What else? Oh yes, another bit that made me laugh out loud was when the cast read out reviews of their fictional show, quoting some real reviews of other similar shows. As it says in the playtext, these have been “repurposed for Inside Bitch”. And some of the words quoted had a familiar ring. The critics — and I include myself here — come across as patronizing, pompous and out of touch. Not exactly a surprise. Okay, okay, fair play. As I always say, if you’re expecting trouble then it’s always best to get your point across first. And strongly. But even at the risk of being mocked and dismissed, I have to say that much as I enjoyed a lot of this show, I was also a bit disappointed by it. Let me tell you why.

In the past the Clean Break shows that I most enjoyed were strong stories written by playwrights who had worked in women’s prisons. They almost always had a power that was derived from real experience, but it was intensified by the individual creativity of a writer, someone of the caliber of Winsome Pinnock or Lucy Kirkwood or Vivienne Franzmann or Chloe Moss or Rebecca Prichard. And, in those shows, the acting was always great.
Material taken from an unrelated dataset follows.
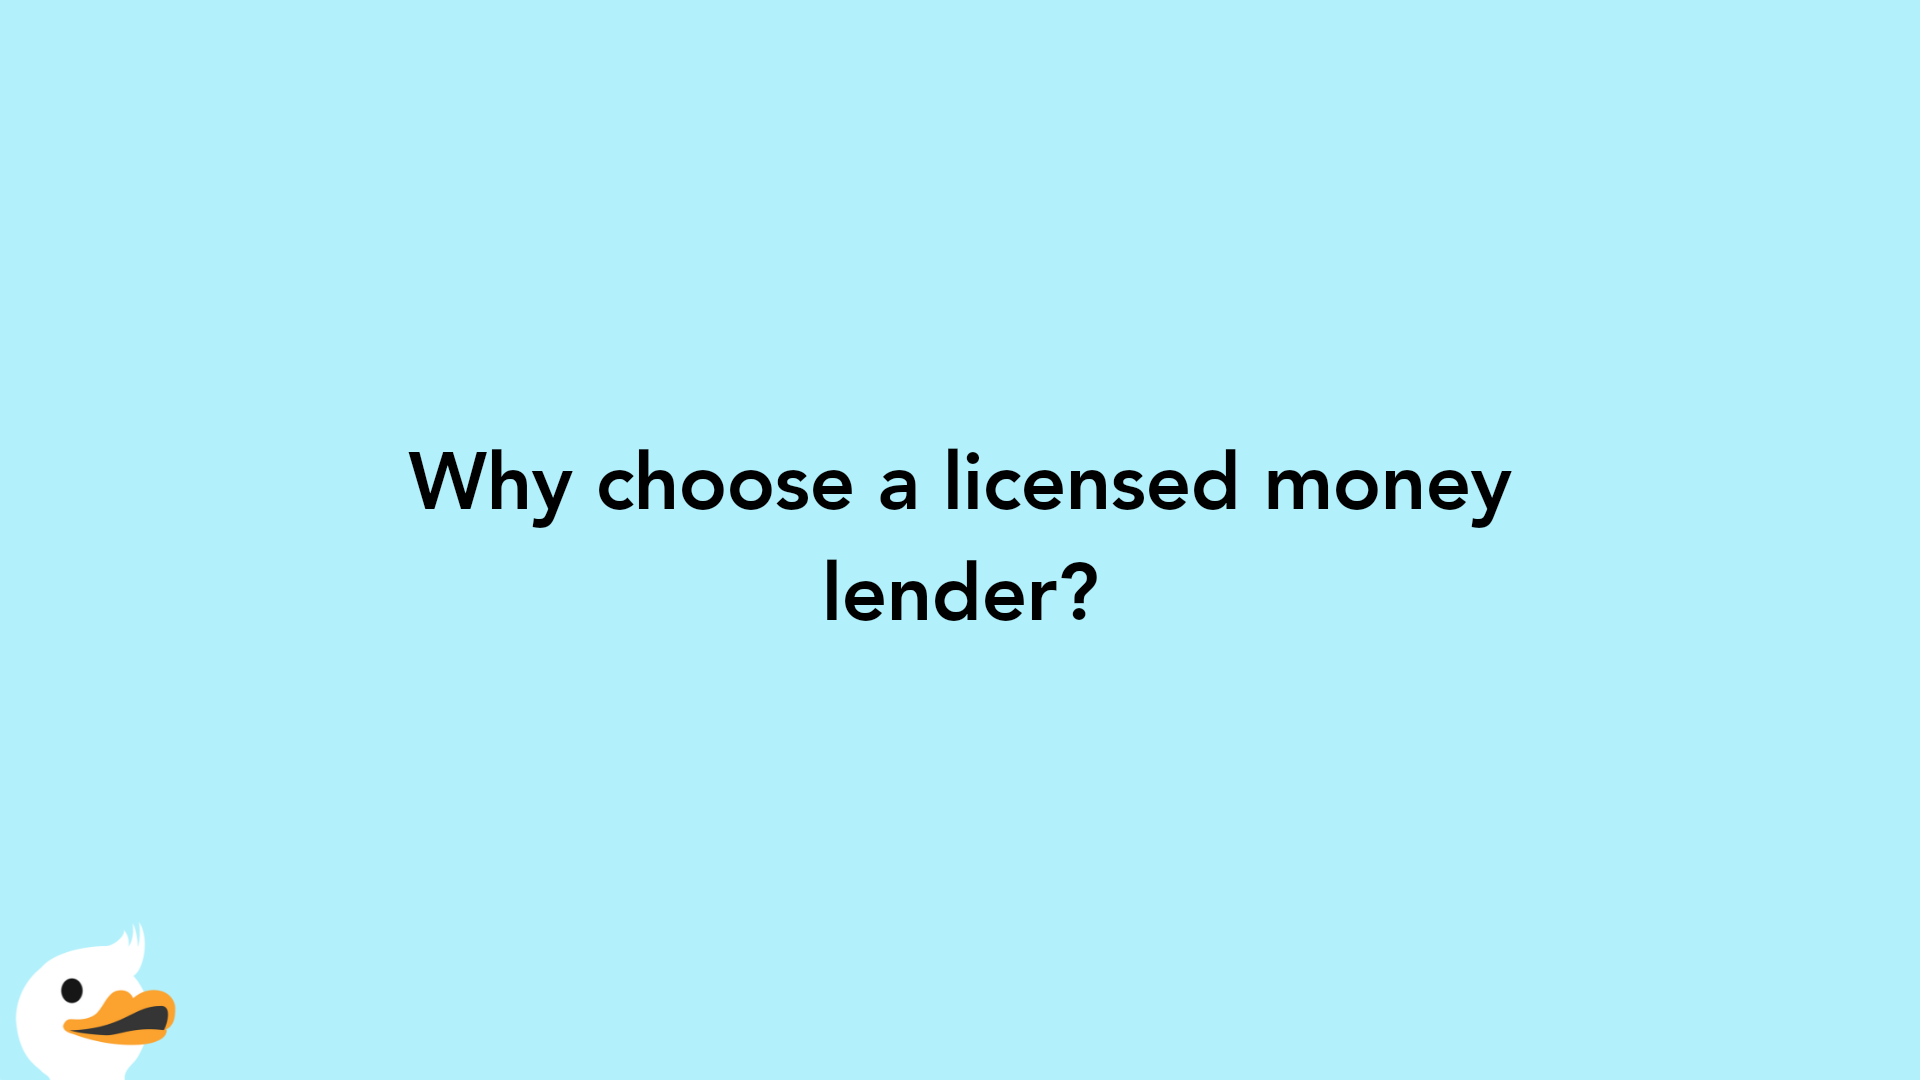 Why choose a licensed money lender?

But although it’s quite daring to let your Clean Break members have a playful laugh about how media misrepresents them, an hour-long show of short sketches really isn’t the same as a coherent drama. Stories about stories somehow aren’t as satisfying as straight stories.

So Clean Break, although your cast are all having fun on stage and interacting with the audience, giving us popcorn and offering to sell us some merchandising (Inside Bitch T-shirts, baseball caps, mugs or Barbie dolls, all very witty I’m sure) I do wonder what the point of it all is? The most intense bits are the silences and those in which the bad stuff was so bad that it couldn’t really be expressed (I get it, I get it). But if this is right, what else is the show saying? That prison is bad, but representations of prisons in the media are even worse. Seriously? Is that all? Okay, fair enough, but don’t you think we already knew that? (Asking for a friend.)